Chart 1 displays changes in the total size and composition of the assets since January 2007. Chart 2 provides additional detail on the composition of the assets as of March 4, 2009. The additional category in these charts, labeled Traditional Portfolio, includes the traditional assets the Fed holds on its balance sheet. Usually, more than 95 percent of this portfolio is Treasury securities held outright.9 The black line in chart 1 provides a measure of the Fed's balance sheet minus the assets from the short-term lending programs.
Notice that, until September 2008, total assets remained slightly under $1,000 billion, because the Fed reduced its supply of Treasury securities to offset new lending programs. Beginning in September, the Fed continued to lend, but stopped offsetting the acquisition of new assets with the accompanying sale of Treasuries: Total assets doubled.
As an alternative to the Fed reducing its holdings of Treasuries, the Treasury agreed to hold a large volume of deposits at the Fed. The deposits by the Treasury offset the creation of new base money, as the reserves created by new programs are placed in the Treasury's account at the Fed.

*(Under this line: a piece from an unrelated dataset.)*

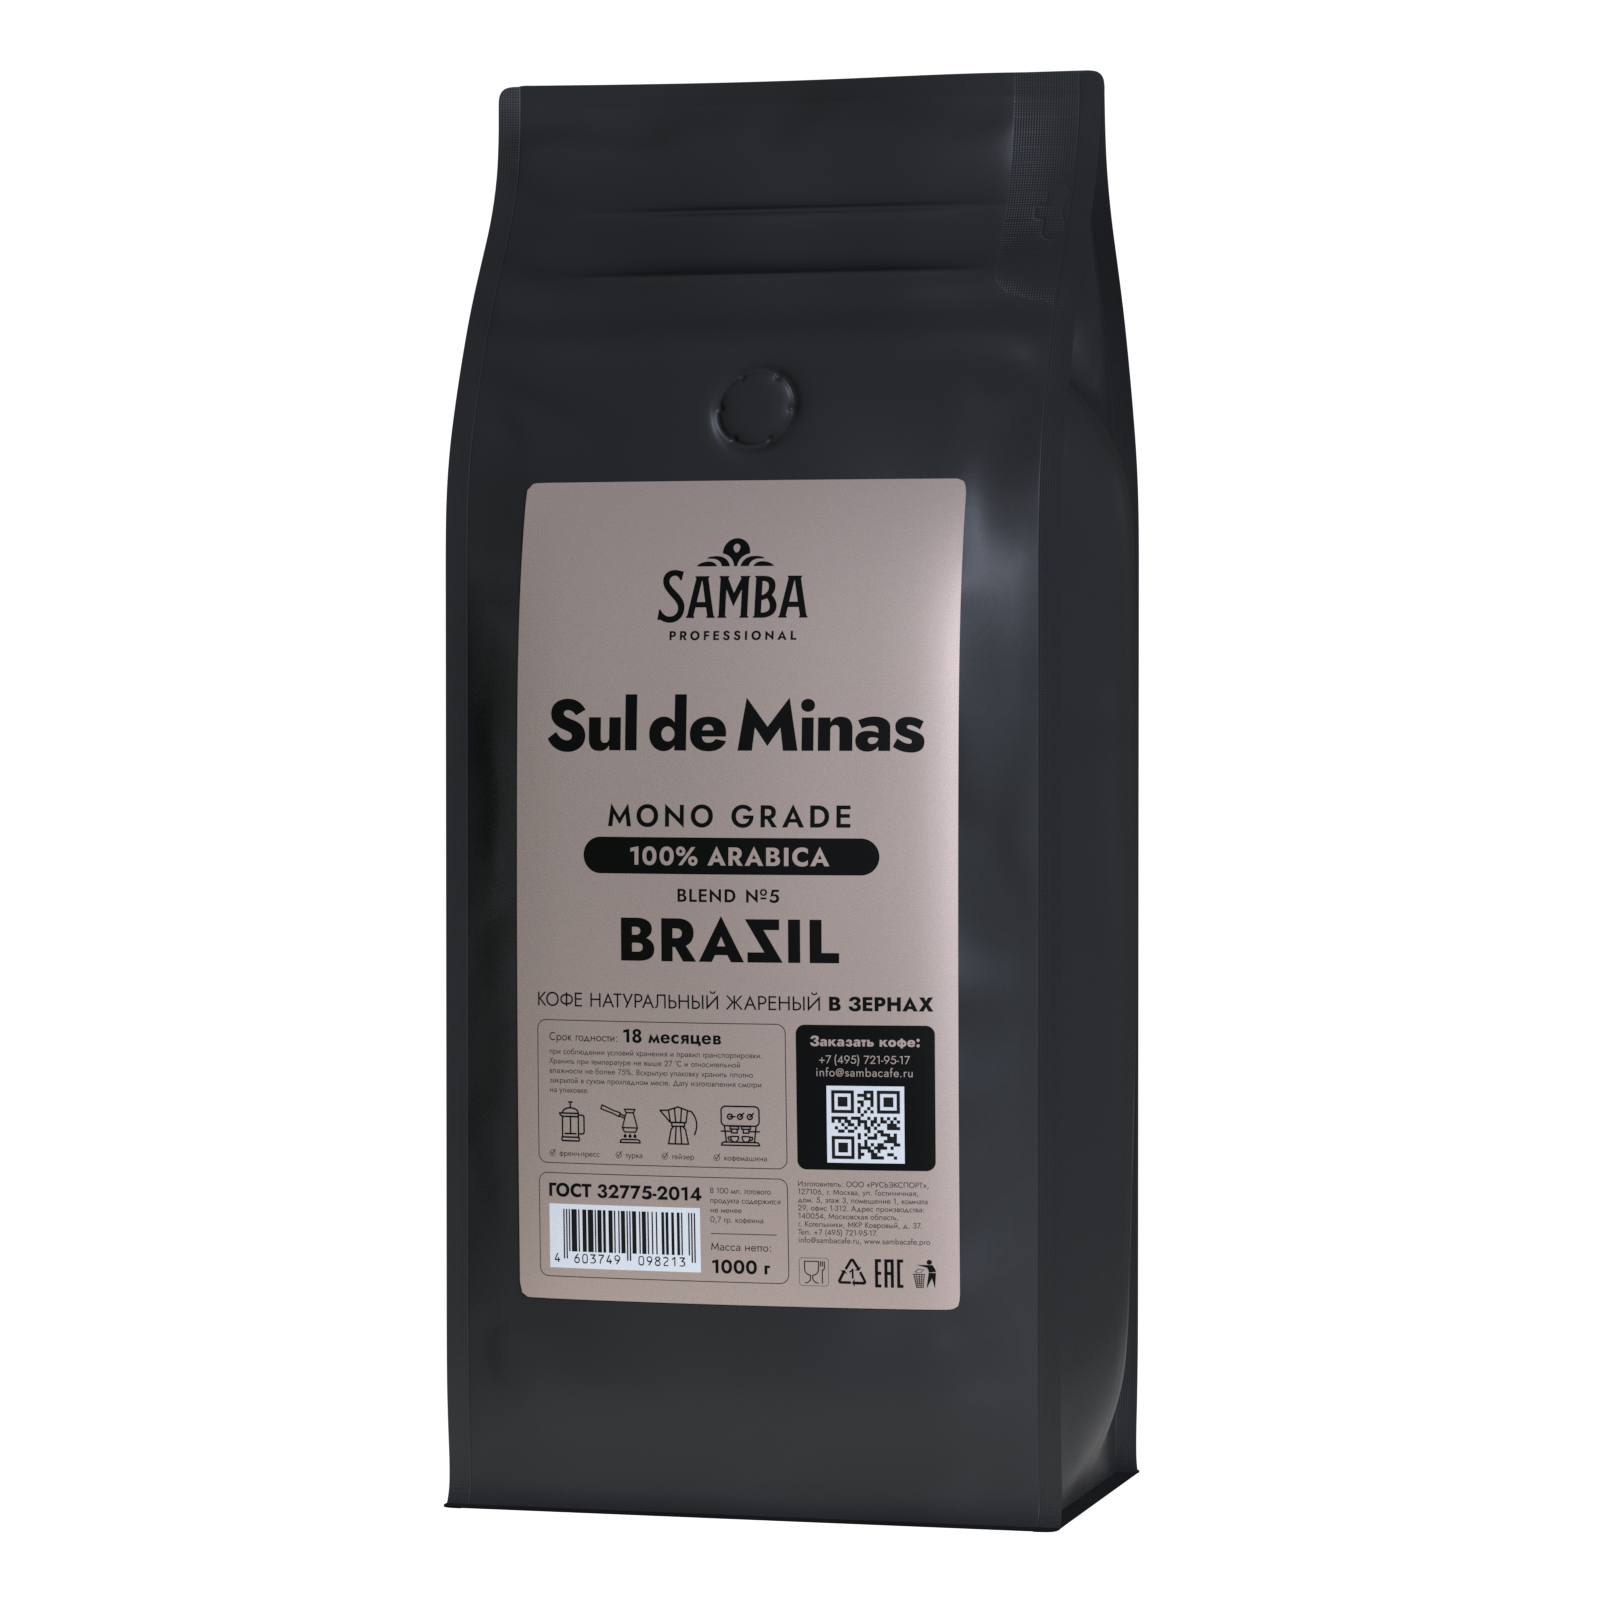 Купить кофе в зернах SAMBA Cafe Brasil Professional PRO Blend №5 Суль-де-Минас, арабика, 1000 гр, цены на Мегамаркет | Артикул: 600010854624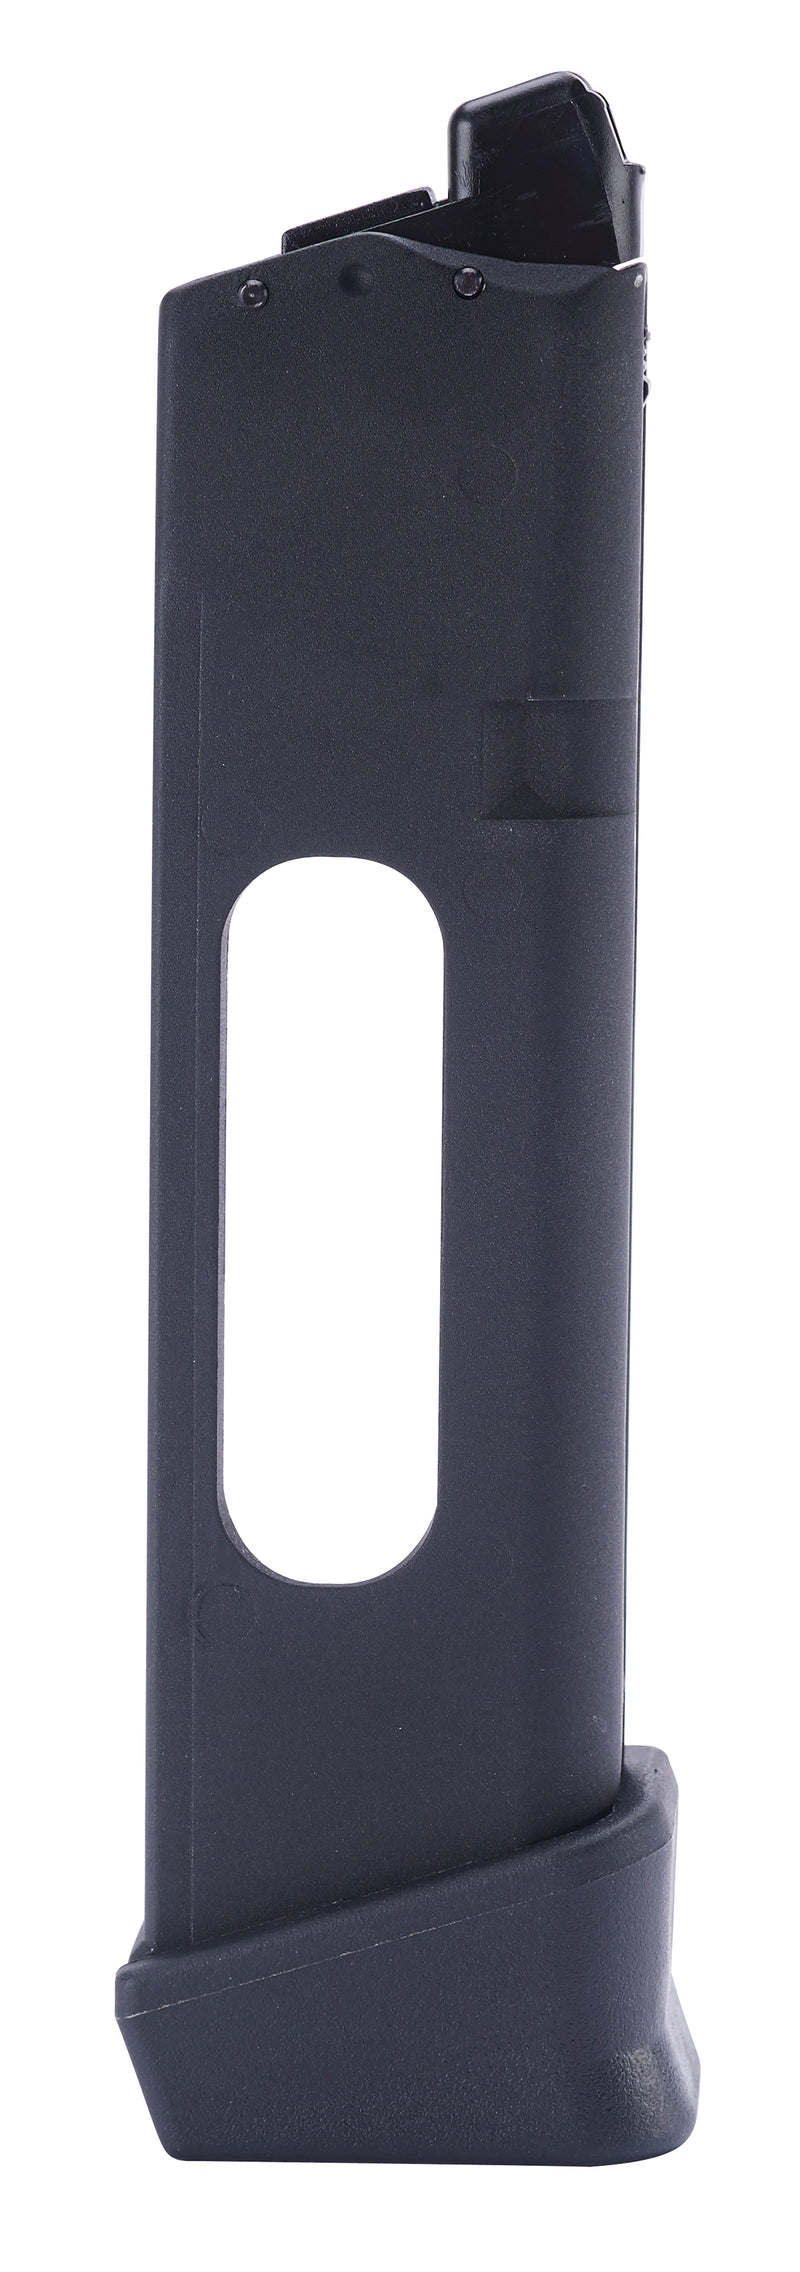 Umarex Glock G17 Gen 4 23 Round Airsoft Pistol CO2 Magazine, Black (2276320)

The black line in Chart 1 indicates that the total assets, net the short-term portion, has actually declined since 2007. According to Chart 2, the sum of these assets comprise 38 percent of the total, or $714 billion. Tracking the composition of Fed assets, as well as the total size of the balance sheet, provides a more comprehensive summary of the current stance of Fed policy during this time of credit easing.